Hence, not very expressive. All that is better than nothing,
but this doesn't remotely mean "good".
>> (which could involve full slow checking when no other proof is found).
>
> It could involve satanic divination rituals if the implementor sees
> fit!
>
Yeah! If the rituals yields any interesting result to you,
you should be free to implement it!
That's how reflectivity works:
the user-programmer can modify the system behavior wrt his own objects.
>> In Tunes, some resources could have a prerequisite
>> that they cannot be locked by objects
>> not proved to release the lock in time.
>
> Proof of this could result in having to prove that an algorithm will
> terminate - that old chestnut!
>
The problem is when you try to prove something about an arbitrary
program chosen at random. We're talking about requiring
that programs be specifically designed not to crash the system...
> I'd be more inclined to research alternatives to standard locks.
> Not that I have yet, though, so don't get too excited.
>
There's NBS and suches. Doesn't remove the need for locks at times.
>> In Tunes, the interrupted task would be basically be told
>> "now do your best to yield execution ASAP,
>> after putting the system in a rightful state".
>
> Yes, that's the kind of thing I'm aiming at with implicit yields.

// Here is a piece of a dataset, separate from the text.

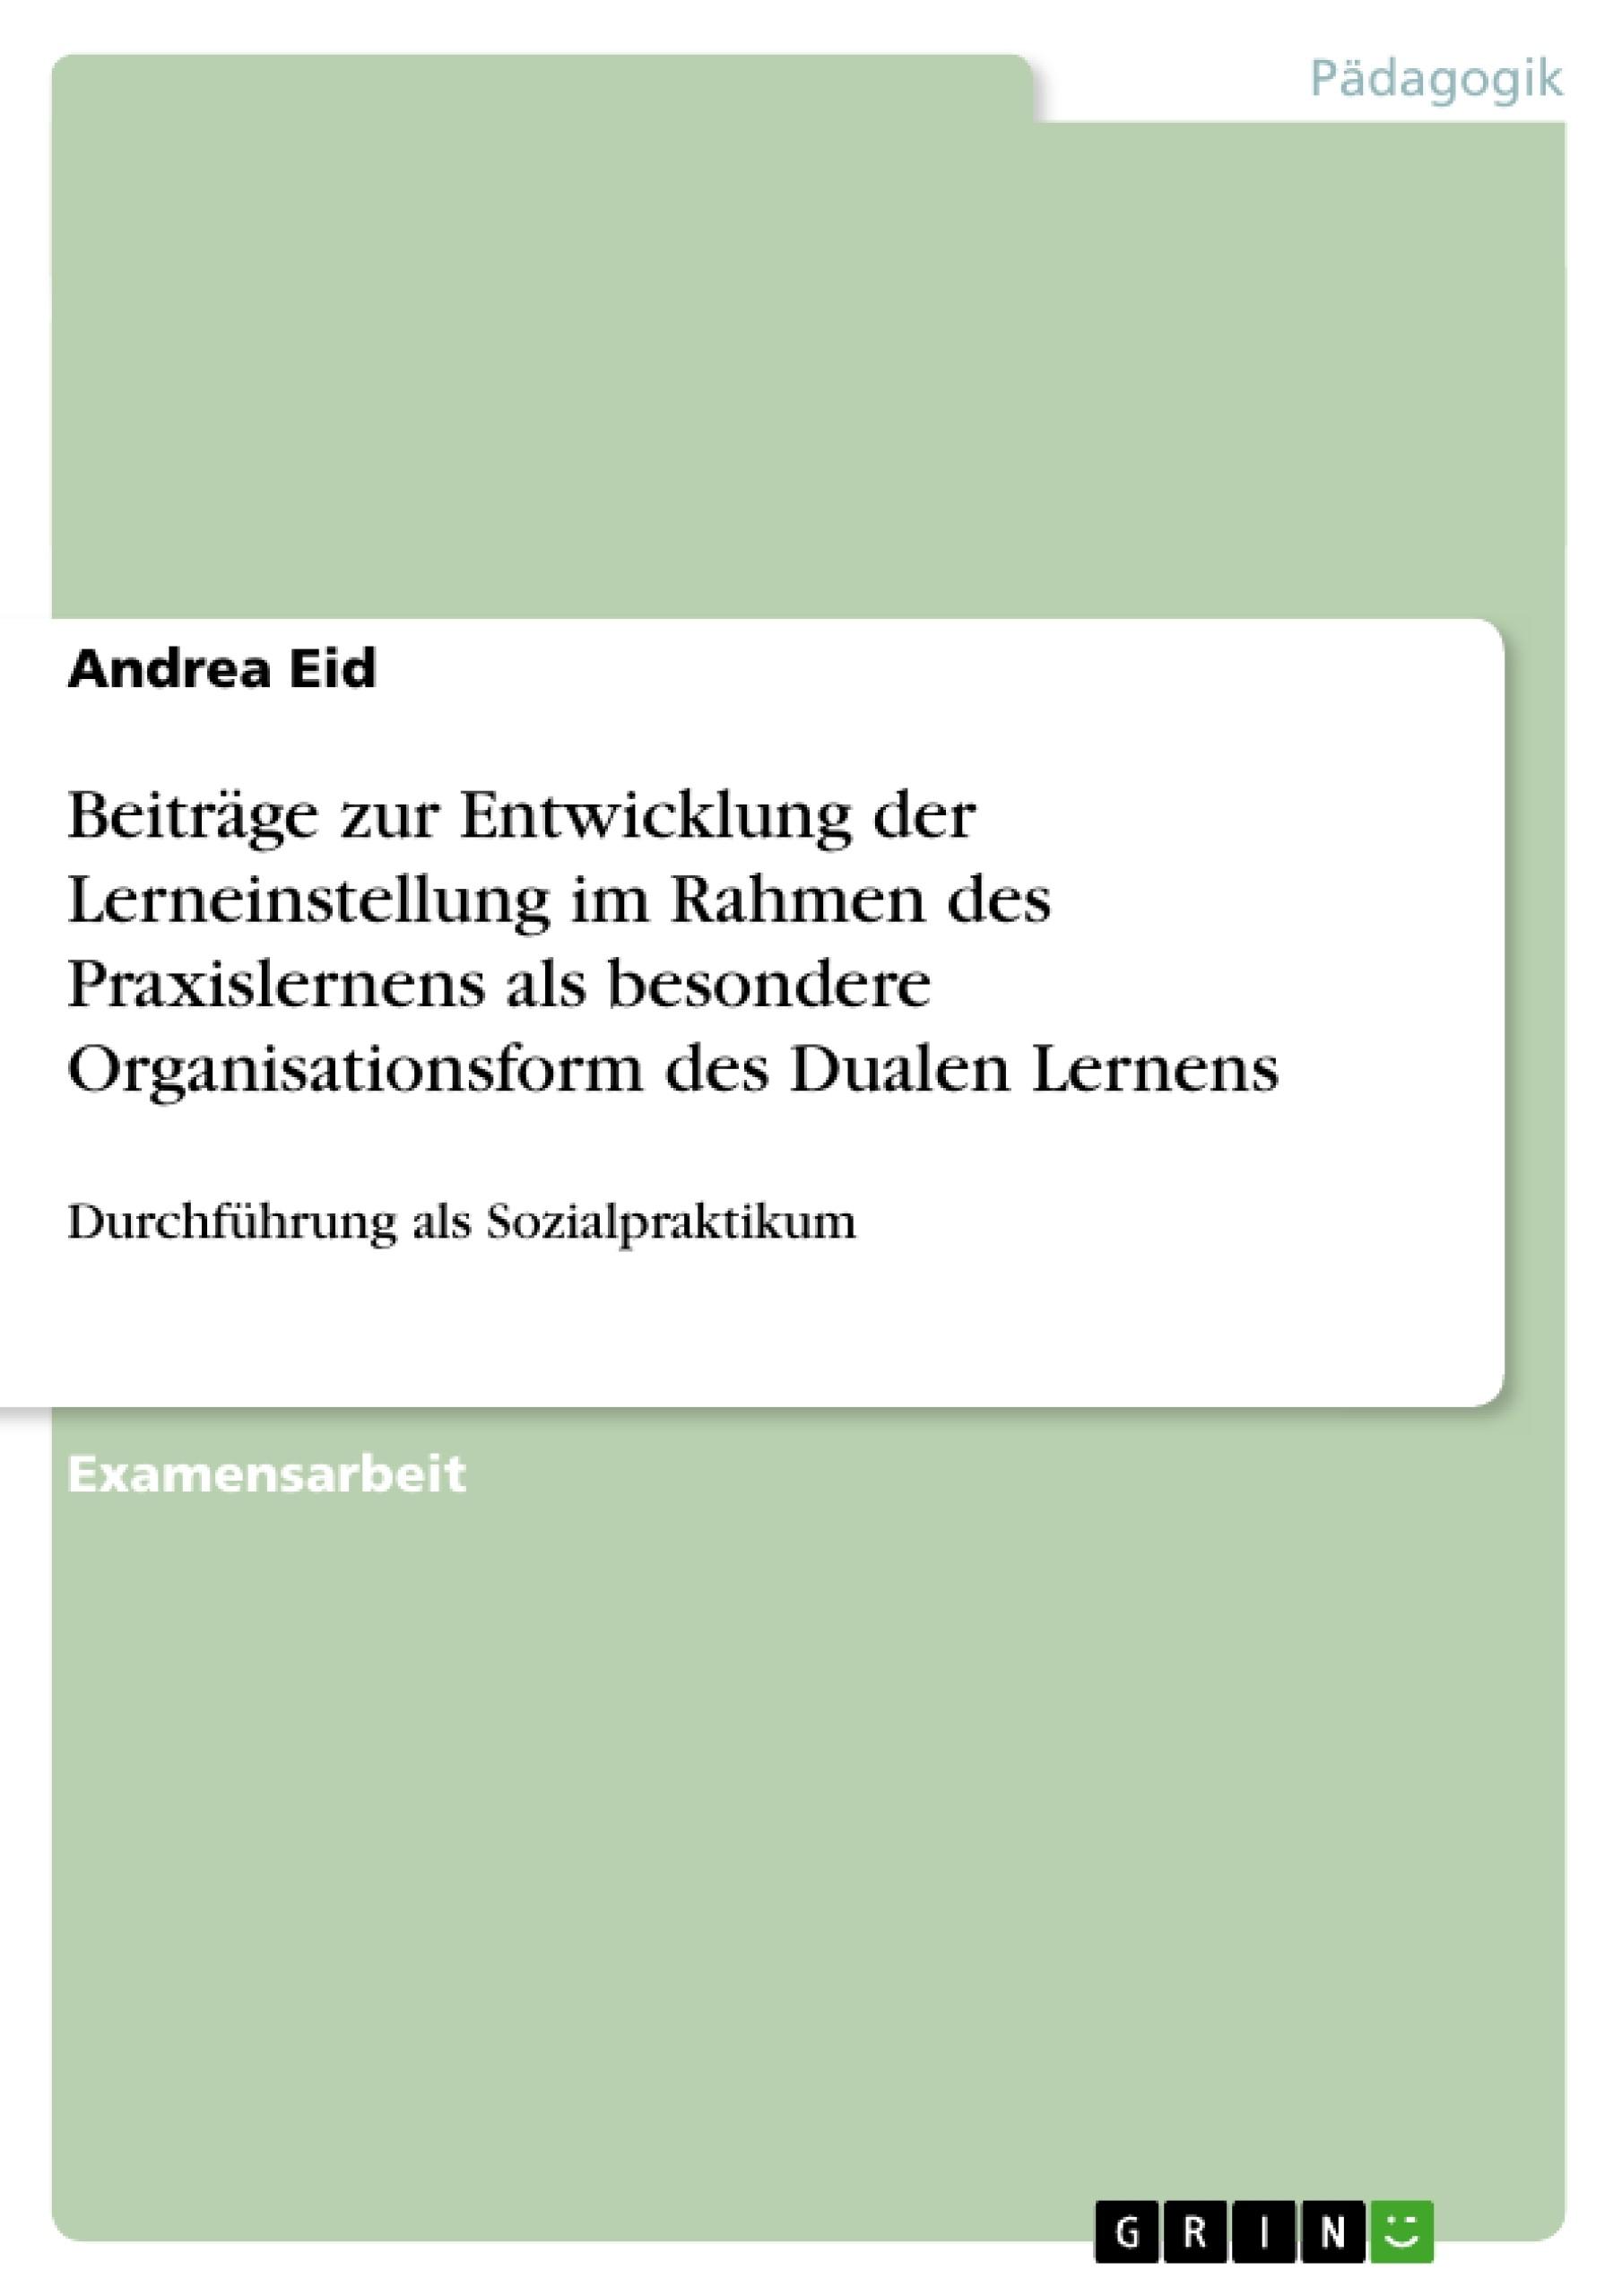 Titel: Beiträge zur Entwicklung der Lerneinstellung im Rahmen des Praxislernens als besondere Organisationsform des Dualen Lernens

But
> there's a temporial and informational efficiency penalty!
>
Time penalty: not sure, because cooperation reduces the need
for blind context saving (and according page faults),
while saving the need to explicitly check the most frequent locks,
that will have been inlined into the cooperative convention.
>> Inserting yields shouldn't bloat the object code,
>> since it will be compressed out in disk-stored versions of object code,
>> and only inserted at execution time, when they can indeed be inlined!

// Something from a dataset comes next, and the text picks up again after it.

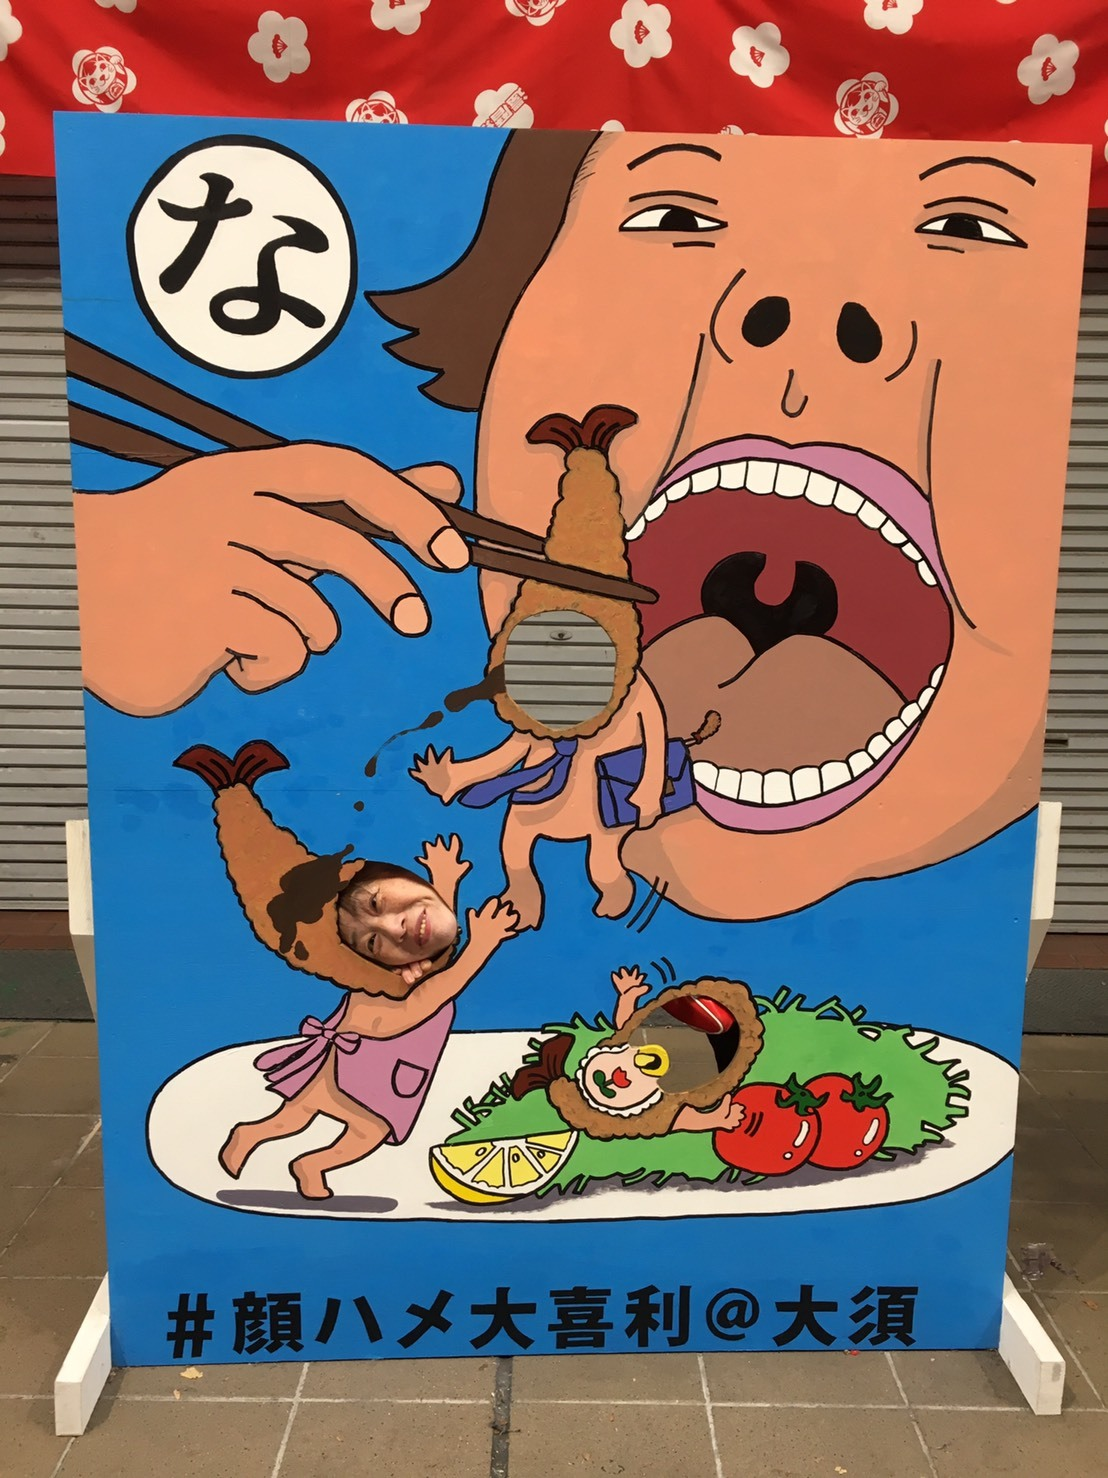 20190907_VALKYRIE(ヴァルキューレ)名古屋(しゅうちゃん散歩中)

>> Plus all the bad-case-checking made unneeded by cooperation
>> will help win back the space lost by those yields().
>
> I was worrying about the in-memory space! Larger machine code = more
> swapping...
>
We also have
Not cooperative
<=> more context to save& more code to acquire frequent locks
<=> more swapping
So that a study must be done about it...
>>> Trap handlers in the OS don't take up much space, and I don't expect a
>>> runtime compiler to be a small piece of software.
>>>
>> Trap handlers in the OS do take place.
>
> Yes, but not an incredible amount! They fit in QNX's 8k, along with
> some other stuff, right :-)
>
What you are talking about is only trap redirectors.
If traps are not to be used, this is already too much;
if they are to be used, then you also need a real handler
outside of QNX, which will take place, etc.
>> Minimal Instruction Set Indeed!
>> As for bloat, I see no problem with size of speed-critical sections,
>> as long as it runs blazingly fast!
>
> Yeah, but it's /all/ big, not just the good bits :-)
>
No, because of threading techniques.
e.g. 15-bit onpage "call" instruction to compress code...
> Unless we have pairs of CPUs - a MISC controller, with a set of CISC
> coprocessors to do stunning single-opcode FFTs, raytrace in hardware,
> that sort of thing!
>
I'd see it as the coprocessors as being stupid specialized hardware
rather than CISC CPUs: for instance, the FFT copro
would take the address of a matrix in RAM (or would I/O the coefficients),
a trigger I/O, and do its business as it likes.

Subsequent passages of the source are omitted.